Later, during the same lunch hour, she told me about the time she and her boyfriend had been fooling around in the bedroom one night.  They had both decided to get different body parts pierced at the same time that afternoon and couldn’t wait to try them out.  Sandy got a tongue ring and Joseph—I believe that was his name—settled on something called a Prince Albert piercing?  I had no idea what that was, but as always it took no time at all to get a howling, choreographed explanation.  Apparently a Prince Albert is a “penis piercing!”  As hard as I tried not to, I had this fixed image of the two of them slumped over in candy red swivel seats—Sandy with her sticky tongue wagging as a man in surgical gloves clamped the tip in place, and her boyfriend reclined and splayed out in a star shape, biting his upper lip as the artist ducked tight inside his legs with a sharp needle. 
It got worse.   Apparently, what had started out as a bit of kinky foreplay quickly turned into a nightmare.  Halfway through a tricky follatio experiment, the opposite medal parts got stuck, entangled… something.  As she lowers her voice and leans in across the table, I tune out, maybe even blackout for just a moment.  As the story meanders on, and all the words run choppily together, I’m trying to stay focused on her flashing eyes and lips—the oblong speech patterns and the rest of her bodily proportions, almost porpoise like in manner—but I can’t stop thinking that with a bit more foresight, there really could have been a Porky’s part IV.  She makes biting gestures as she talks, making her voice sound even more like a wind-up toy.  She then slides down in her chair and sort of pretends to flip herself over.  She starts pumping her heels out to the side in rabbit kicks.

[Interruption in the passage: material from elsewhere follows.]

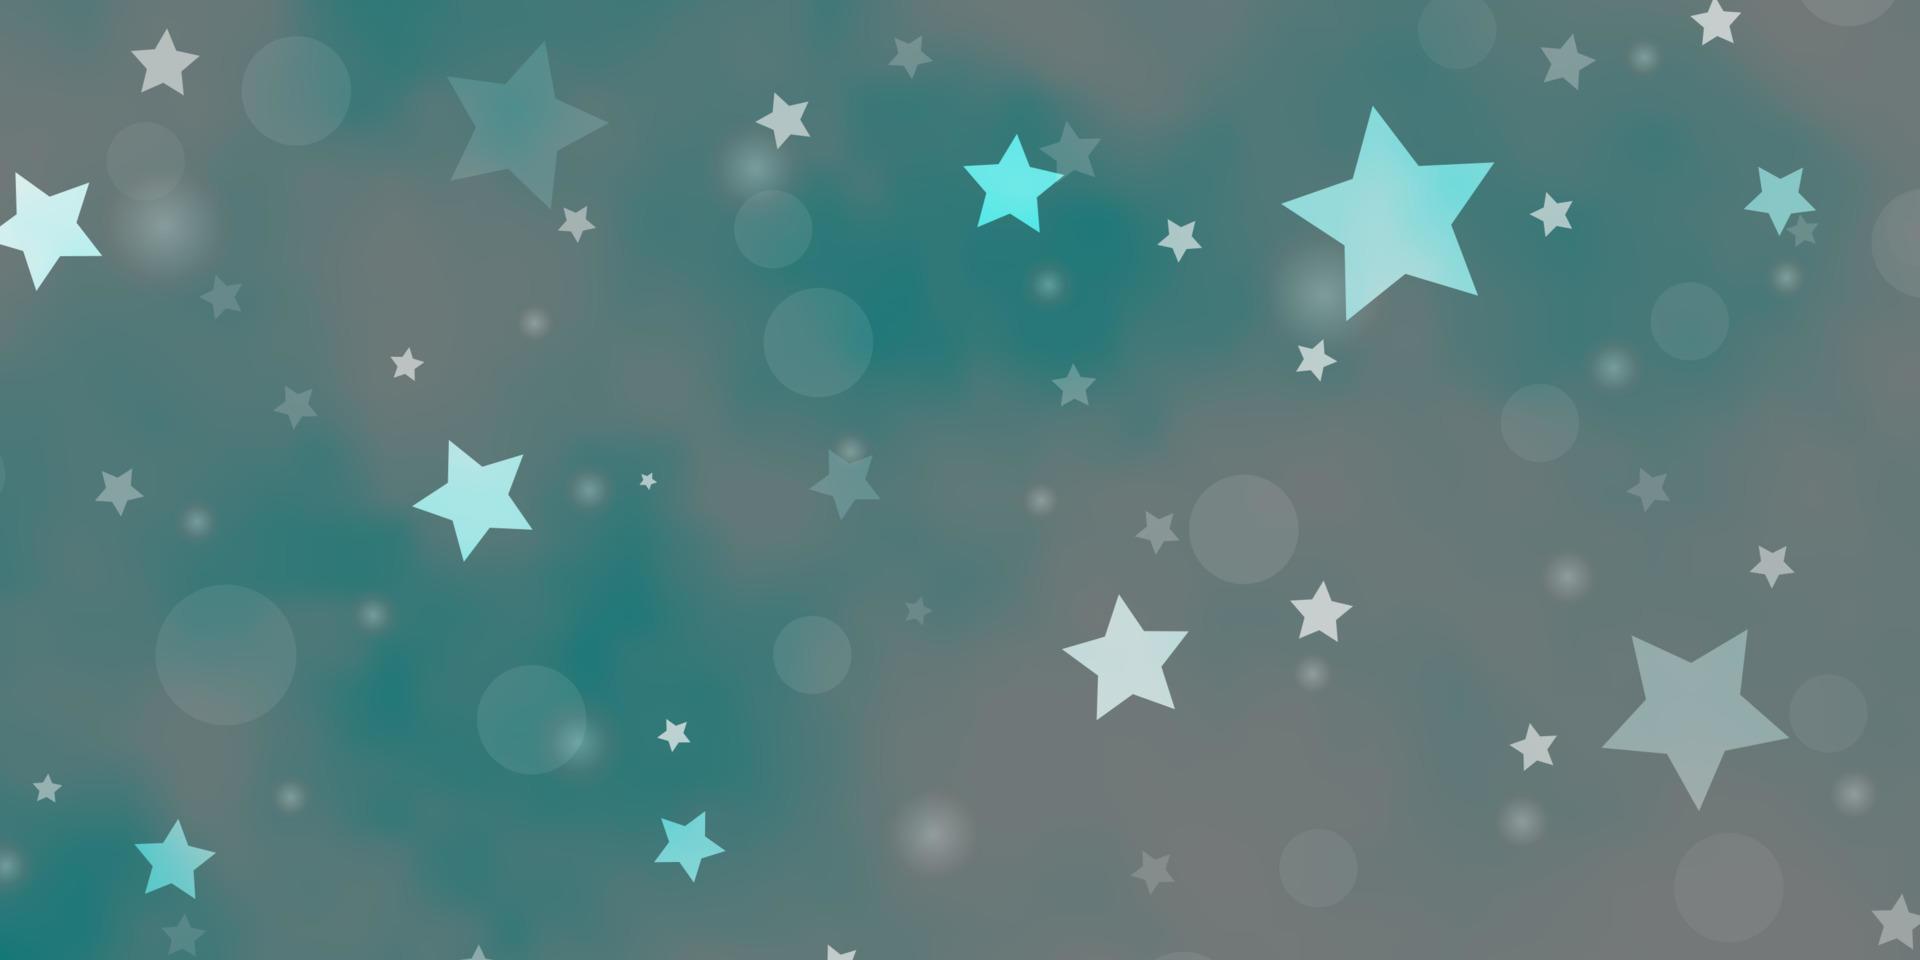 textura de vector azul claro con círculos, estrellas.
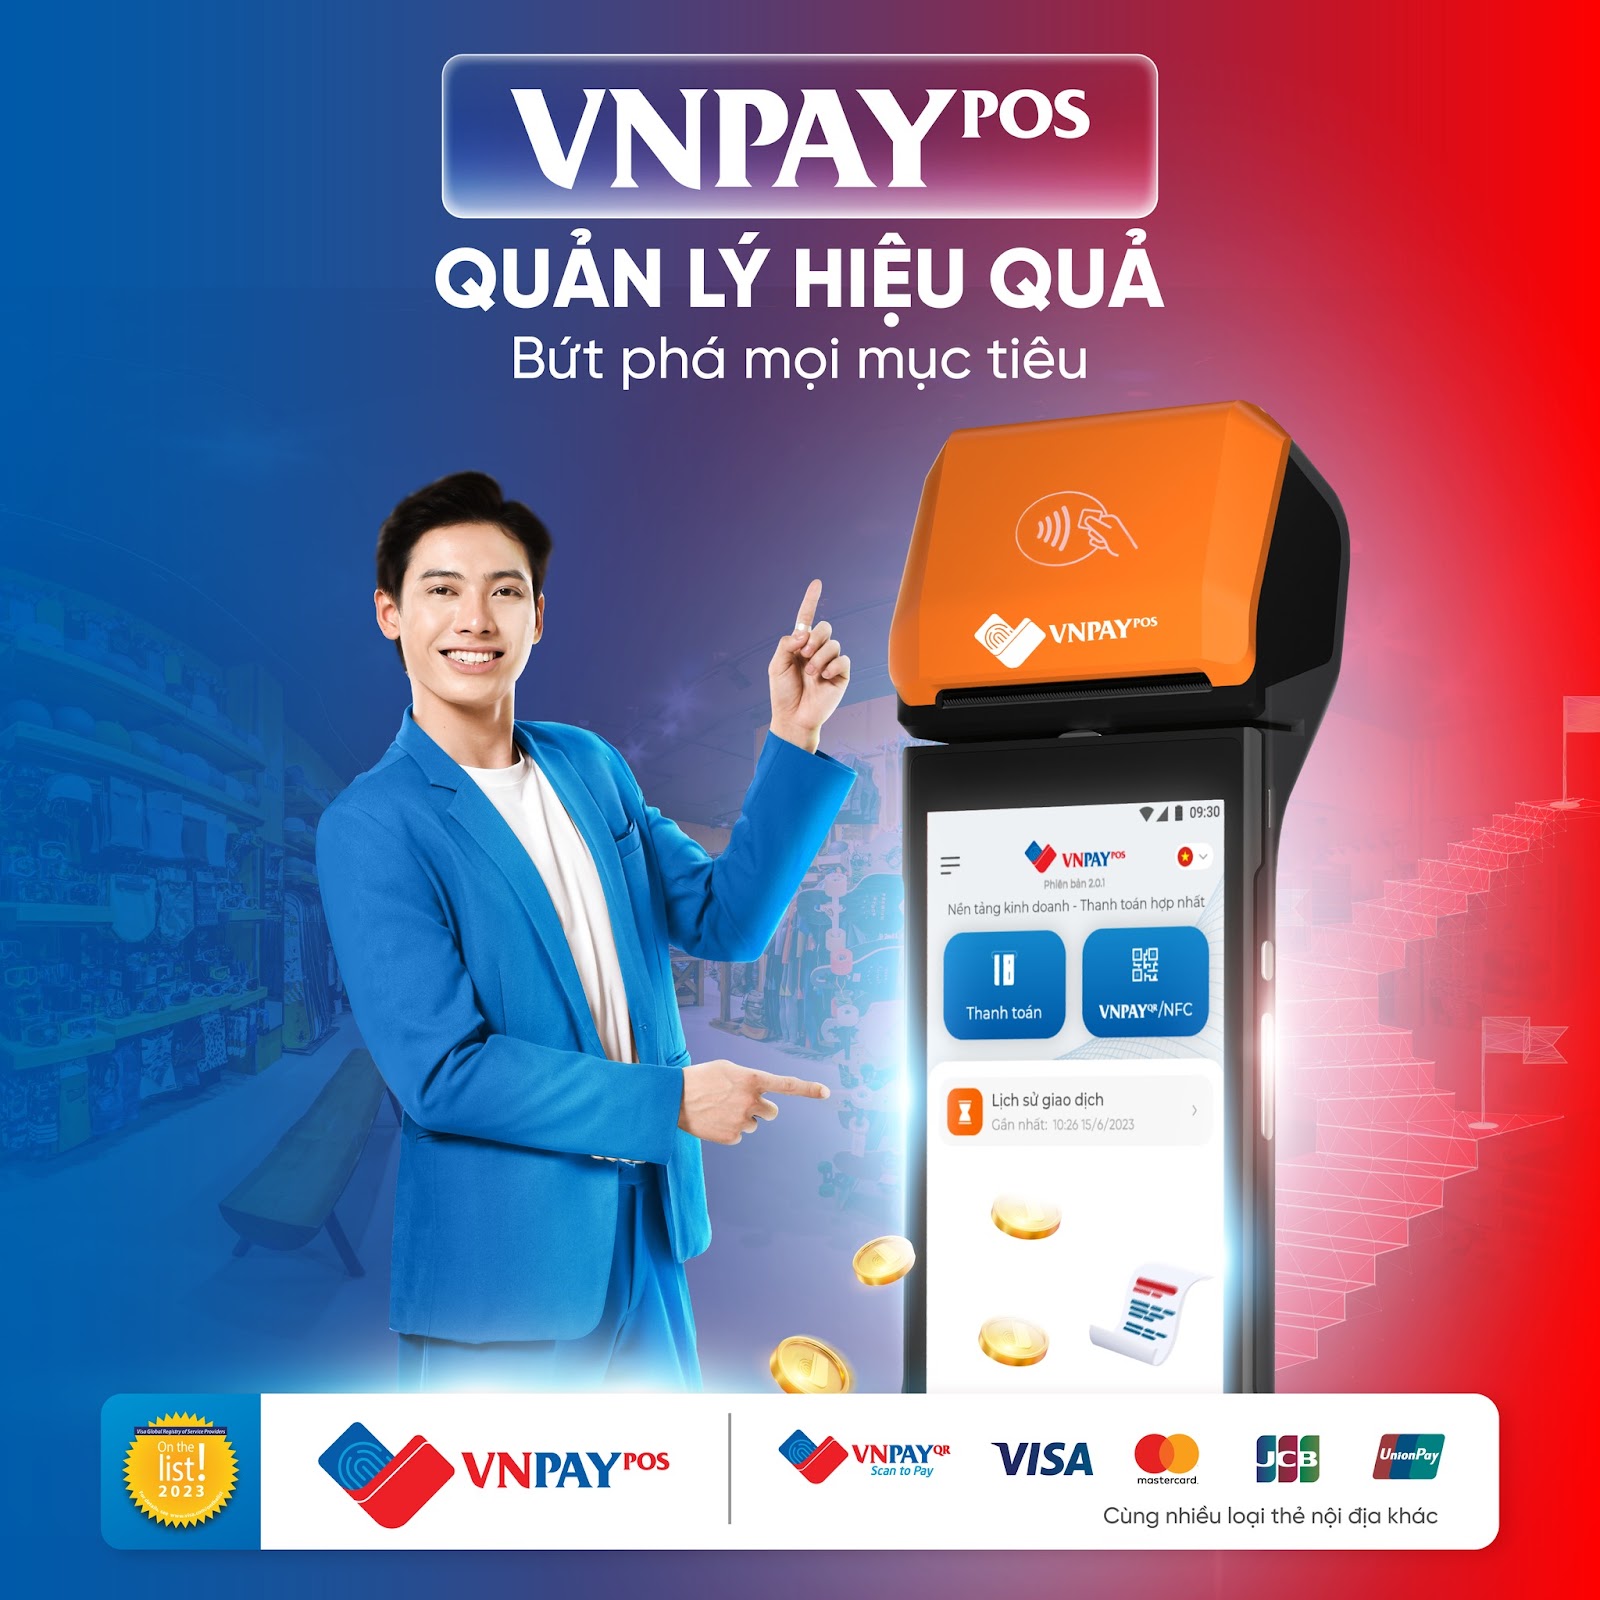 VNPAY-POS nâng cao chất lượng dịch vụ

All this to help aid the description of how she managed to knock on her neighbor’s wall with her feet.  The medics arrived just in time to save each organ, but again, as she proudly pointed out, another scar had resulted.  In showing me, she tossed her head back and stuck her tongue out in a clownish, dental display, then "ahh, ahh, ahhhed" at something with her forefinger in the middle.  Slamming her mouth shut, she suddenly looked across the table at me with some sort of mock bashful, fluttering, puppy eyes, and just when I thought she might grab my hand under the table and squeeze, she said, “I used to be beautiful, you know?” 
At lunch this afternoon, I found myself once again stuck in the middle of one of Sandy’s gut wrenching fables.  We were seated across from one another in the cafeteria on the top floor of the library.  She had finished her lunch and was licking the tip of a moist, bulbous lollypop.  The grape end was still smooth, tracked by initial tongue-lashings.
“Does this turn you on?” she asked me. 
What I wanted to say was, “no, not in the least!” but what came out was a sheepish reply that must have reflected just how uncomfortable she was making me.  “Um, oh yeah, it’s really hot,” I said, immediately looking down and away, tugging at my collar as if it was beginning to make my neck all too sweaty or itchy.
“I was walking to the train yesterday after work,” she said, popping the candy out of her mouth with a smack, “and I was sucking on a lollypop just like this one, and I see this guy on a bike peddling his way toward me and he sees me sucking on this lollypop.  So, I decided to put on a little show.  I started rolling the thing around in my mouth,” she began swishing it around inside her mouth, knocking it against her teeth, “and he couldn’t stop staring.  Then, just as he was starting to swerve all over the place, I winked at him.  Then, all of a sudden, I hear him screech on his brakes and I just watch him go flying straight into a parking meter!”  She hysterically mimed the arch of the biker’s descent with one bombing arm wave. 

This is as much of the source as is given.